- Created by: BBC News
- Presented by: Raymond Snoddy (2004–2012) Samira Ahmed (2012–present)
- Country of origin: United Kingdom
- Original language: English

Production
- Production locations: Studio A, Broadcasting House, London
- Editor: Rob Burley
- Running time: 10 minutes

Original release
- Network: BBC News (UK feed)/ BBC One
- Release: 1 October 2004 – present

= BBC Newswatch =

Television series

BBC Newswatch is a weekly BBC television programme presented by Samira Ahmed that provides a viewer and listener right-of-reply for BBC News. The programme was originally made in studio TC7 at BBC Television Centre; however, in January 2013, the programme moved to Broadcasting House in central London.

== About ==

BBC Newswatch was launched in 2004 in response to the Hutton Inquiry, as part of an initiative to make BBC News more accountable. The programme is broadcast on Saturdays at 7:45 am on BBC One during BBC Breakfast, and on the UK feed of BBC News channel on Saturdays at 3:45 pm, or viewed online.

==Format==
BBC Newswatch starts with the presenter introducing the main news story that viewers have complained about.

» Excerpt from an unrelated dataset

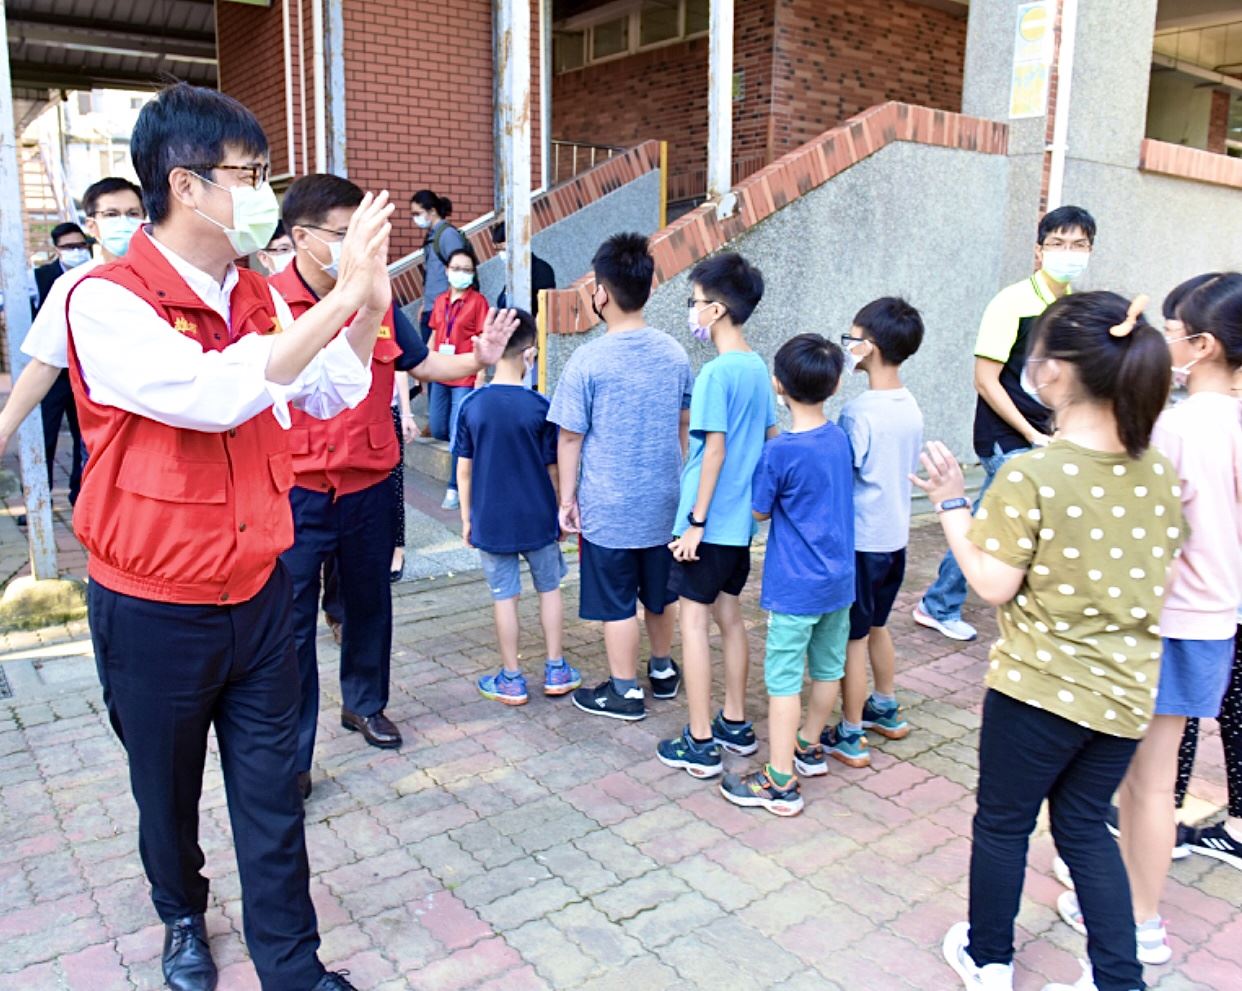 讓孩子健康安全迎開學 陳其邁提醒學校落實各項防疫

After about six minutes, often including talking to the head of BBC News or someone responsible for the story, the next section of the programme is usually split between a few other news stories.

==Presenters==

Ray Snoddy was the original presenter of the programme from 2004 to 2012.

Since October 2012, Samira Ahmed has been the presenter of the programme.

Shaun Ley guest presented the programme for three episodes in April 2019; Rebecca Jones guest presented two editions of the programme in June 2019.